I never said I'd test them I said I'd find them.

[CRGreathouse]

Quote:

Originally Posted by science_man_88

I never said I'd test them I said I'd find them.

Find what? (Really, I'm not a mind-reader... give me a break.) The primes in the range?

[science_man_88]

Quote:

Originally Posted by CRGreathouse

Find what? (Really, I'm not a mind-reader... give me a break.) The primes in the range?

I've given enough information so that ability isn't needed. depends on the range you want to knock out them to, also this depends on if I get help or not.

[CRGreathouse]

Quote:

Originally Posted by science_man_88

depends on the range you want to knock out them to, also this depends on if I get help or not.

I don't know what you meant, so I hope that you'll understand if I don't help since you refuse to explain.

[science_man_88]

Quote:

Originally Posted by CRGreathouse

I don't know what you meant, so I hope that you'll understand if I don't help since you refuse to explain.

1) all (6x-/+1)*p are composite so any time they cross 24n+7 it should turn out to be composite.

2) all possible n needed to find all odd Mersenne numbers (including all Mersenne primes above 7 for 24n+7) should be in the sequence I stated if I understand a method to figure out a(n+1) from a(n).

3) if we find out what c is in p*n+c that fits the pattern in the sequences above all we need is to figure out when p*n+c and the sequence given are equal if they are we can eliminate that value from our list given the numbers get large we might have to find sequences to follow to knock them out instead of the numbers themselves.

[3.14159]

Quote:

Originally Posted by CRGreathouse

If he wanted to test every integer in the range, it would take time O(n) with an oracle. But even if he could skip over the composites costlessly, and test only the primes with an oracle for Mersenne-ness, it would still take time O(n/log n). This is entirely infeasible, since the competing algorithm is easily O(log^3 n) -- that is, exponentially better.

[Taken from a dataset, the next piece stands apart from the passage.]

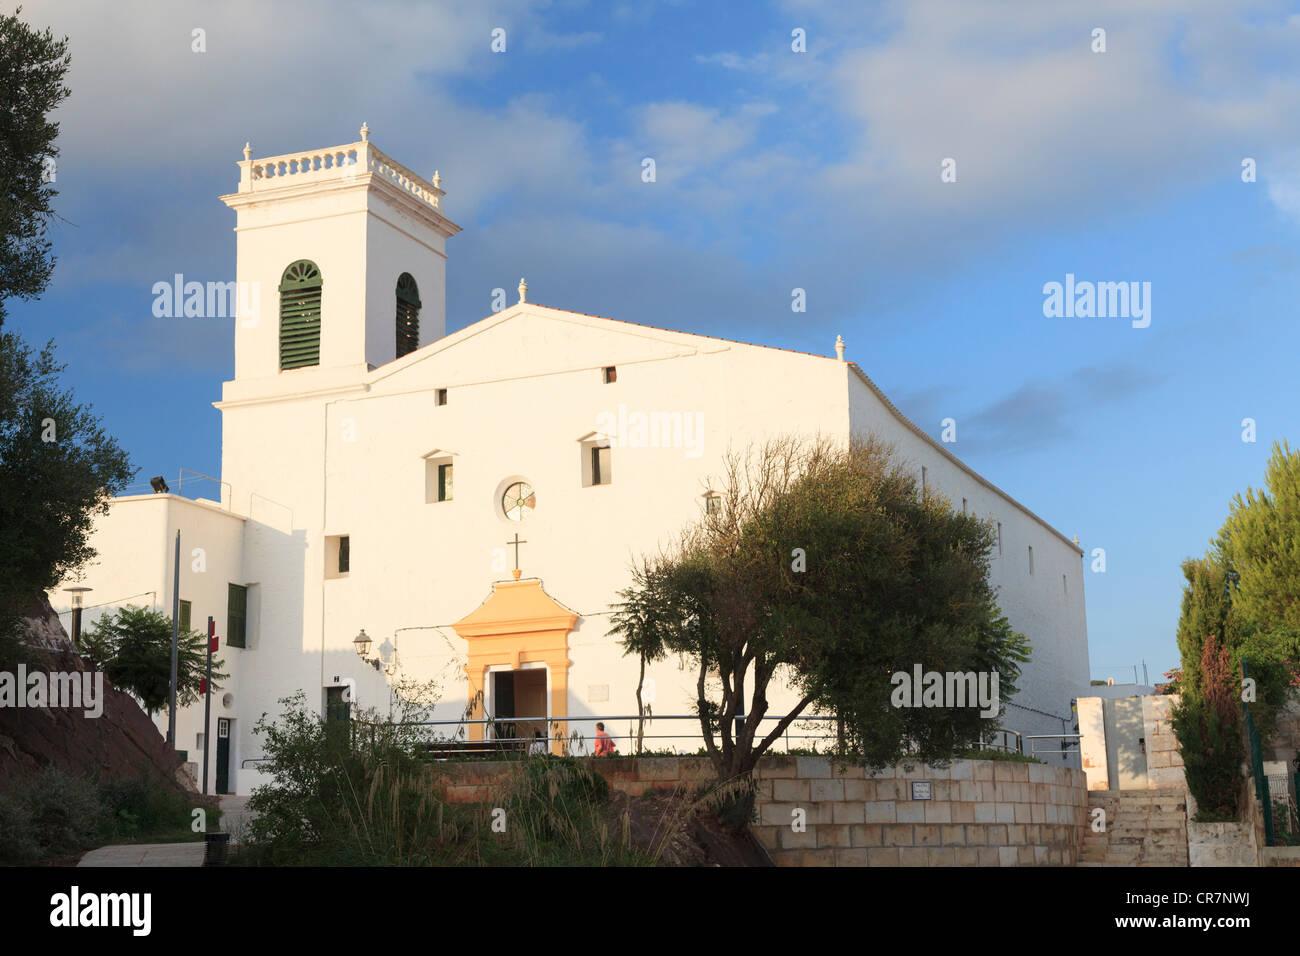 Spain, Balearic Islands, Menorca, Es Mercadal Historic Village, San Martin Church - Stock Image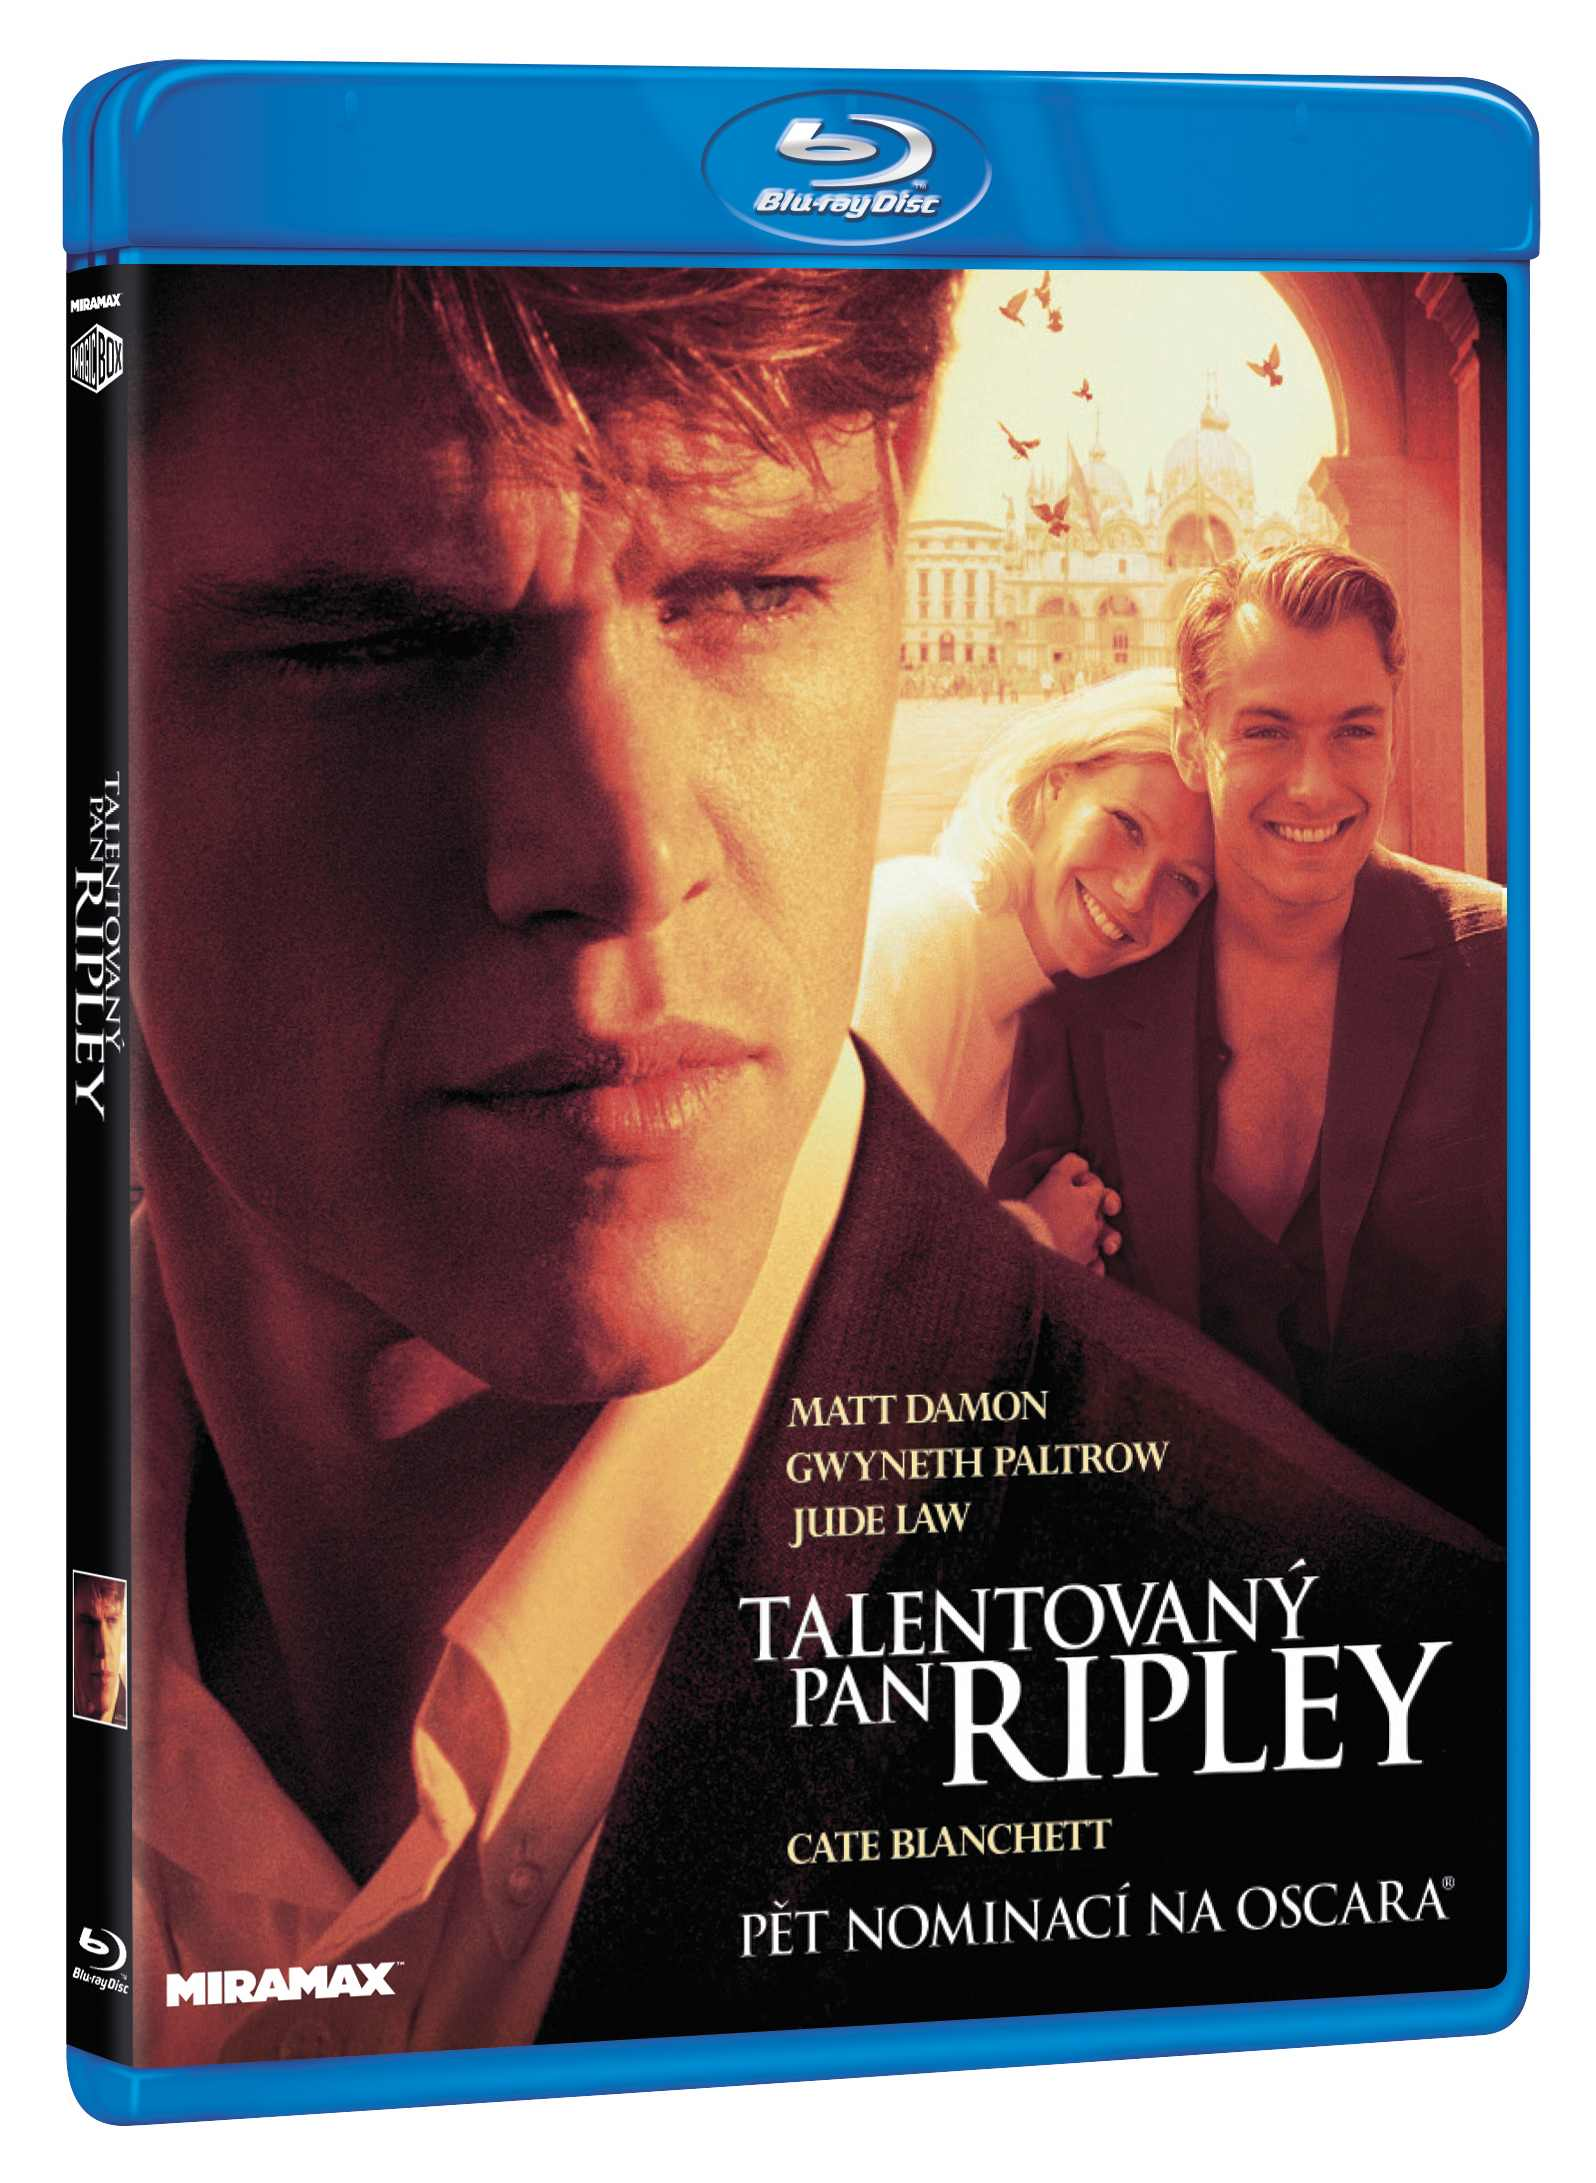 TALENTOVANÝ PAN RIPLEY - Blu-ray

This would be made far easier when you take the following into account:
Every Mersenne number is of the form 6n + 1, and so is every number of the form 24n + 7. If he's looking for prime Mersenne numbers, he should just test the prime Mersenne numbers to see whether or not subtracting seven yields divisibility by 24 and get his results from there. It'll only take a few minutes.

Quote:

Originally Posted by science_man_88

1) all (6x-/+1)*p are composite so any time they cross 24n+7 it should turn out to be composite.

You mean, whenever they happen to have a GCD of the form (24n + 7)?

Quote:

Originally Posted by science_man_88

2) all possible n needed to find all odd Mersenne numbers (including all Mersenne primes above 7 for 24n+7) should be in the sequence I stated if I understand a method to figure out a(n+1) from a(n).

How are all n needed? You only need the Mersenne numbers themselves to test for whether or not subtracting seven yields divisibility by 24.

Quote:

Originally Posted by science_man_88

3) if we find out what c is in p*n+c that fits the pattern in the sequences above all we need is to figure out when p*n+c and the sequence given are equal if they are we can eliminate that value from our list given the numbers get large we might have to find sequences to follow to knock them out instead of the numbers themselves.

Well, this seems a bit too vague to me. You're going to have to define what c, p, and n are. Next, define the pattern and define the said sequences.